Как бы ни были многочисленны оттенки внутри монофизитства, одно всегда оставалось общим для всех монофизитов: Христос — истинный Бог, но не истинный человек; в конечном пределе человеческое в Христе — только видимость; так монофизитство сводится к некоему докетизму.
И несторианство, и монофизитство суть две проявившиеся в Церкви дохристианские тенденции, которые с тех пор не переставали угрожать христианству: с одной стороны — гуманистическая культура Запада, это наследие Афин и Рима; с другой — космический иллюзионизм и чистая самоуглубленность древнего Востока с его Абсолютом, в котором все растворяется (образ льда и воды — классическая для Индии иллюстрация соотношения конечного и бесконечного). С одной стороны, человеческое замыкается в самом себе, с другой — оно поглощается Божеством. Между двумя этими противоположными искушениями Халкидонский догмат определяет по отношению ко Христу — истинному Богу и истинному человеку — истину Бога и истину человека, определяет тайну их единства без разлучения или поглощения. "Итак, последуя святым отцам, все согласно поучаем исповедовать одного и того же Сына, Господа вашего Иисуса Христа, совершенного по Божеству, совершенного по человечеству, истинного Бога, истинного человека, одного и того же, из разумной души и тела, единосущного Отцу по Божеству и единосущного нам по человечеству, во всем подобного нам, кроме греха, рожденного прежде всего от Отца по Божеству, а в последние дни ради нас и ради нашего спасения от Марии Девы Богородицы по человечеству, одного и того же Христа, Сына Господа, Единородного, в двух естествах, неслитно, неизменно, нераздельно, неразлучно познаваемого, так что соединением нисколько не нарушается различие двух естеств, но тем более сохраняется свойство каждого естества и соединяется в одно Лицо, в одну Ипостась, — не на два лица рассекаемого или разделяемого; но одного и того же Сына, единородного, Бога Слова, Господа Иисуса Христа".
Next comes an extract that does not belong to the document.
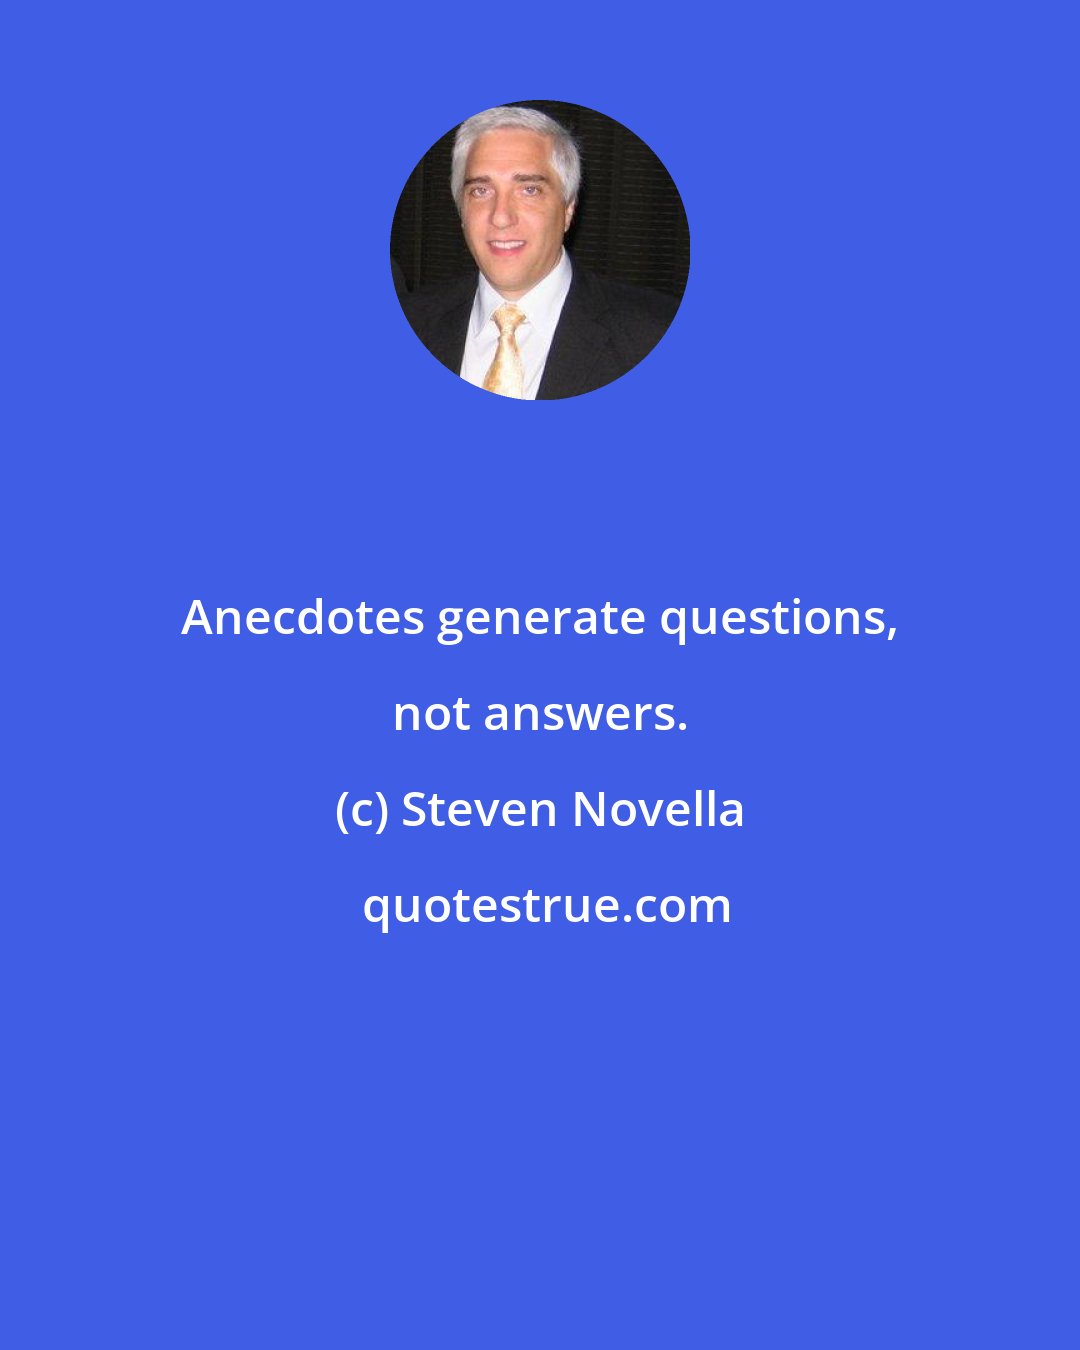 Steven Novella: Anecdotes generate questions, not answers.
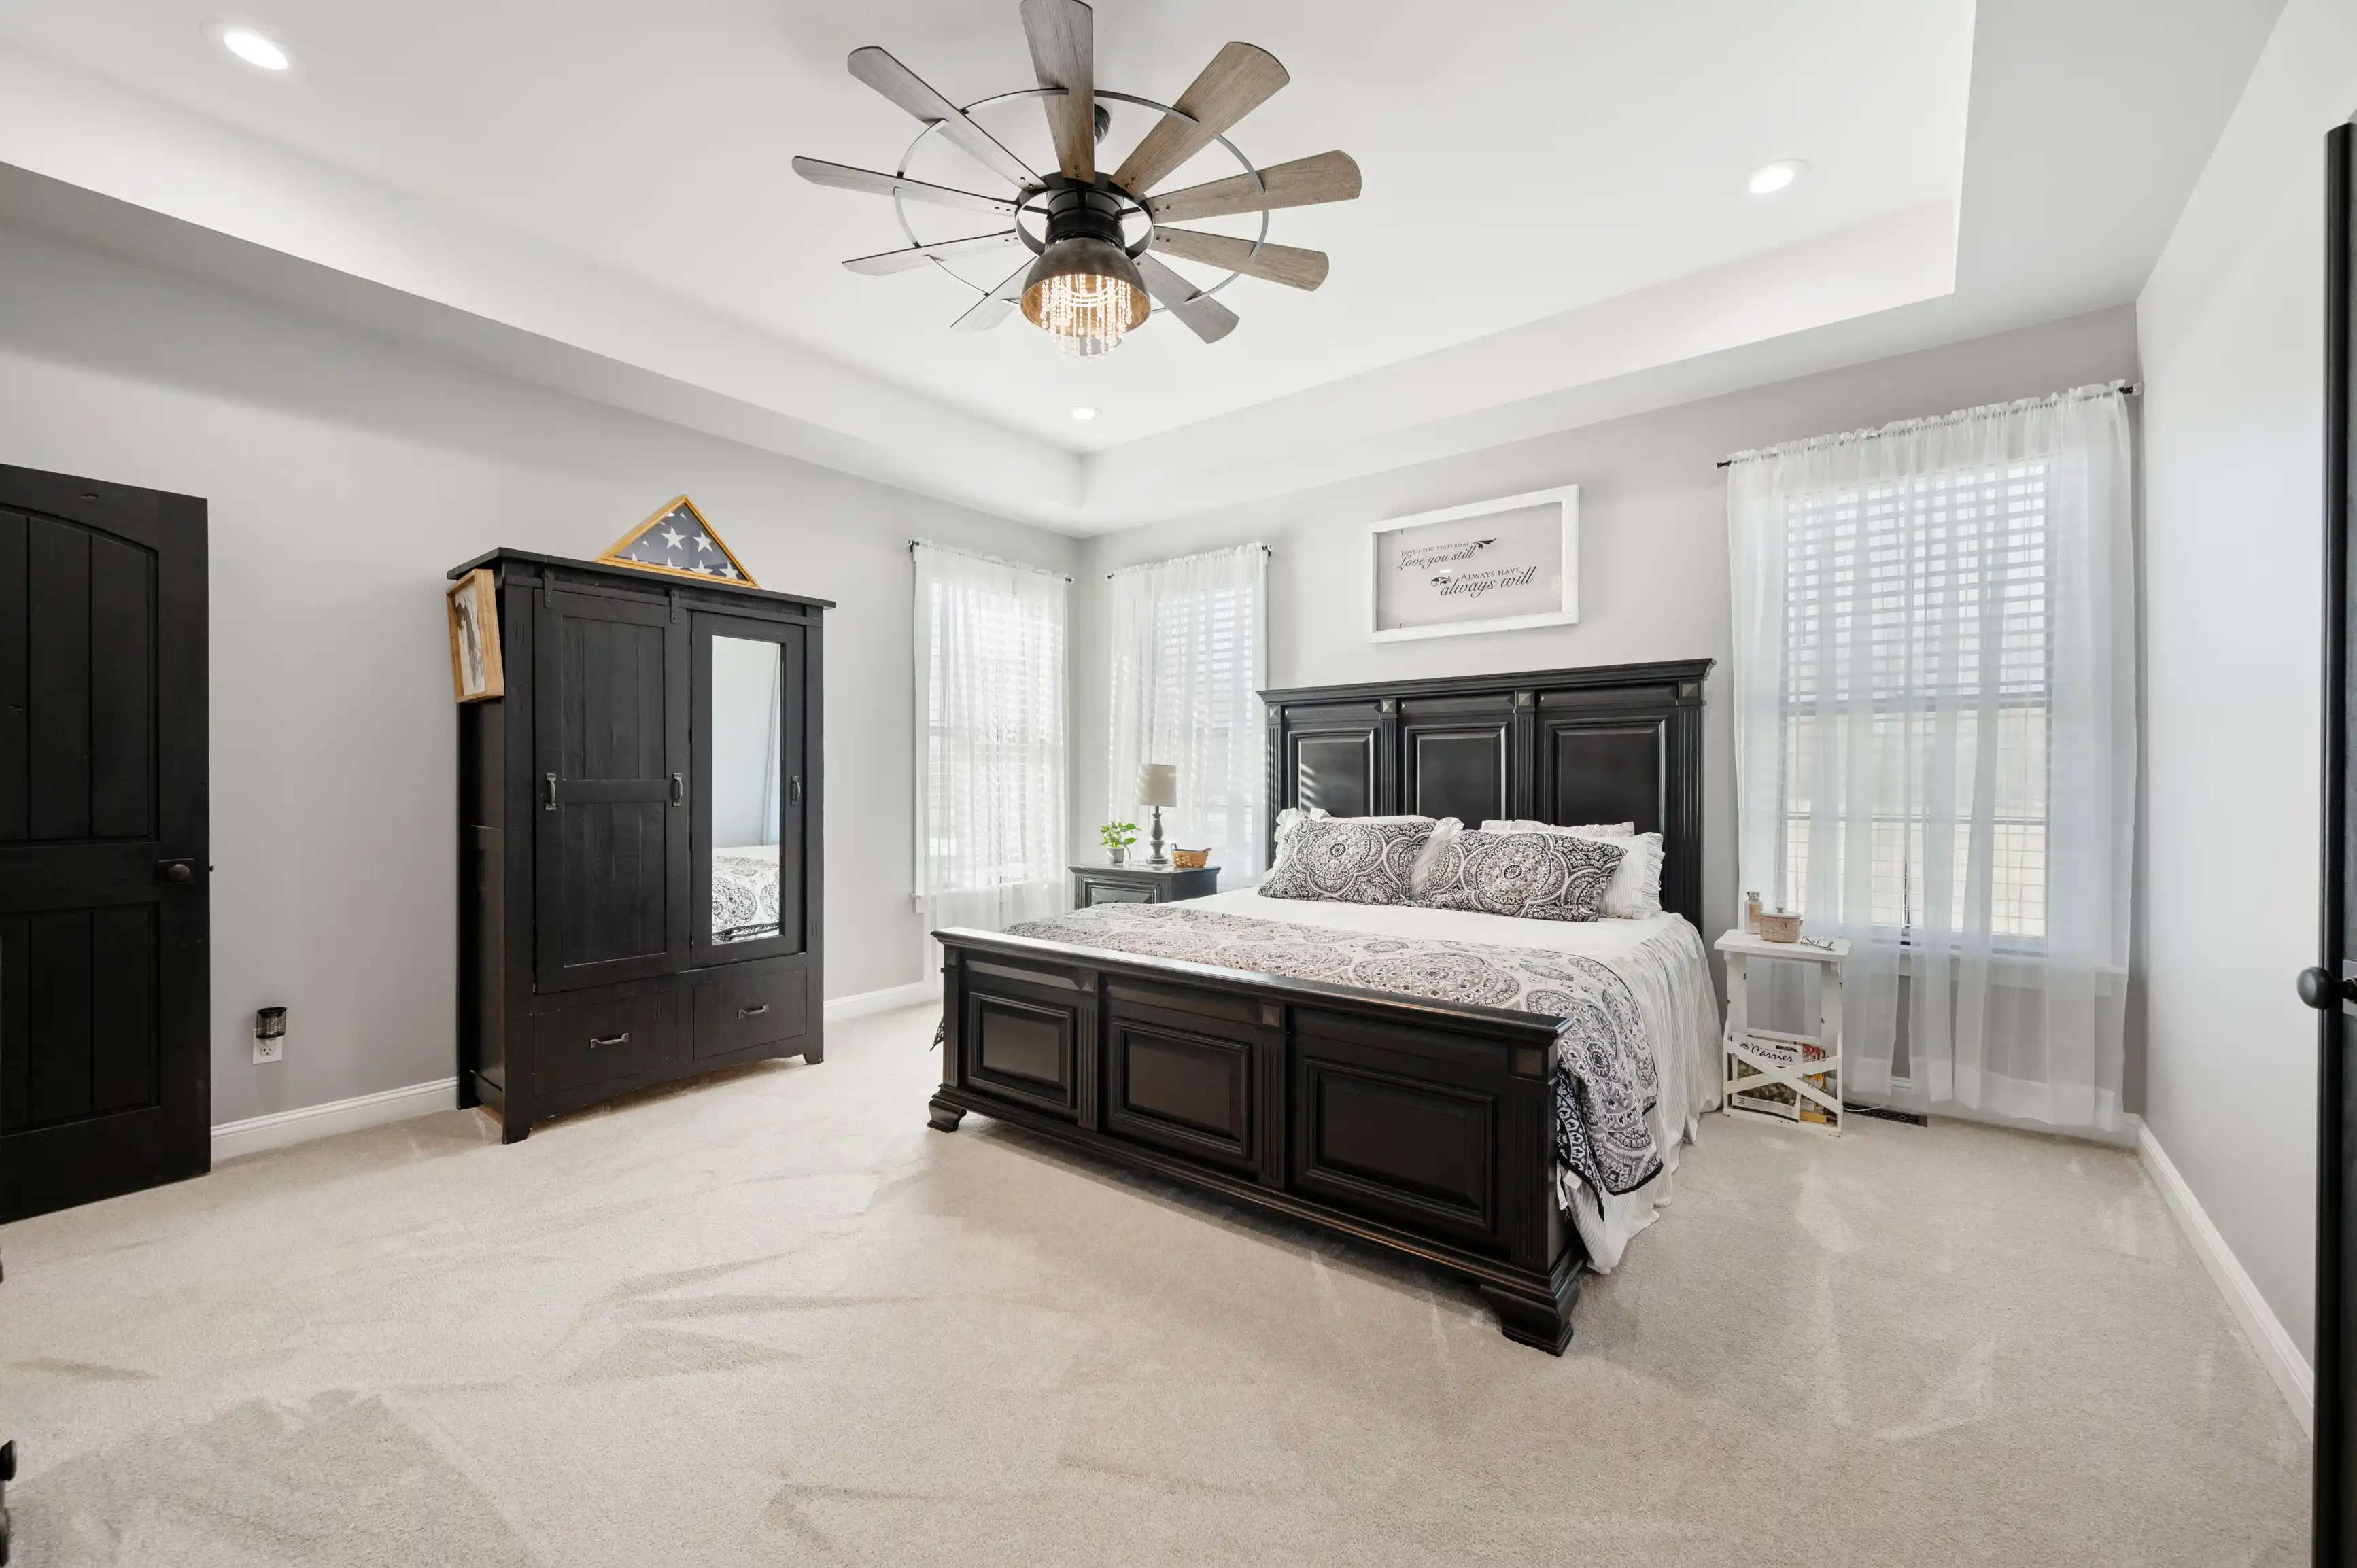 Elegant bedroom featuring a large black bed with patterned bedding, a wooden wardrobe, a modern ceiling fan, sheer curtains, and framed wall decor.

"Неслитно, неизменно, нераздельно, неразлучно" — так соединены две природы в Лице Христа, причем первые два определения направлены против монофизитов, два последние — против несториан. По существу все четыре определения негативны: ασυγχυτως, ατρεπτος, αδιαιρετος, αχωριστος; они апофатически очерчивают тайну воплощения, но запрещают нам представить себе "как" этой тайны. Христос — всецело Бог: Младенцем в яслях или умирая на кресте, Он не перестает быть причастным троичной полноте и в Своем вездесущии и могуществе управлять вселенной. "Во гробе плотски, во аде же с душею яко Бог, в раи же с разбойником, и на престоле был еси, Христе, со Отцем и Духом, вся исполняяй, Неописанный", — восклицает литургия святого Иоанна Златоуста. Ибо, с другой стороны, человечество Христа — это всецело наше человечество; оно Ему не присуще по превечному Его рождению, но Божественное Лицо создало его в Себе в лоне Марии. Итак, у Христа две воли, два разума, два образа действия, но они всегда соединены в одном Лице. В каждом Его действии присутствуют две энергии: энергия Божественная и энергия человеческая. Поэтому всегда останутся тщетными всякие попытки строить какую-то "психологию" Христа и воспроизводить в книгах "О жизни Иисуса" Его "душевные состояния". Мы не можем ни догадываться, ни вообразить (и в этом также смысл четырех отрицаний Халкидонской формулы), "как Божество и человечество существовали в одной и той же Личности, тем более — повторим еще раз, что Христос — не "человеческая личность". Его человечество не имеет своей ипостаси среди бесчисленных человеческих ипостасей. У Него, как и у нас, тело, как и у нас — душа, как и у нас — дух, но ведь наша личность не есть этот "состав", личность живет через тело, душу и дух, и за их пределами; они всегда только составляют ее природу. И если человек как личность может выйти из мира, то Сын Божий Своею Личностью может в него войти; потому что Личность, чья природа Божественна, "воипостазирует" природу человеческую, как скажет в VI веке Леонтий Византийский.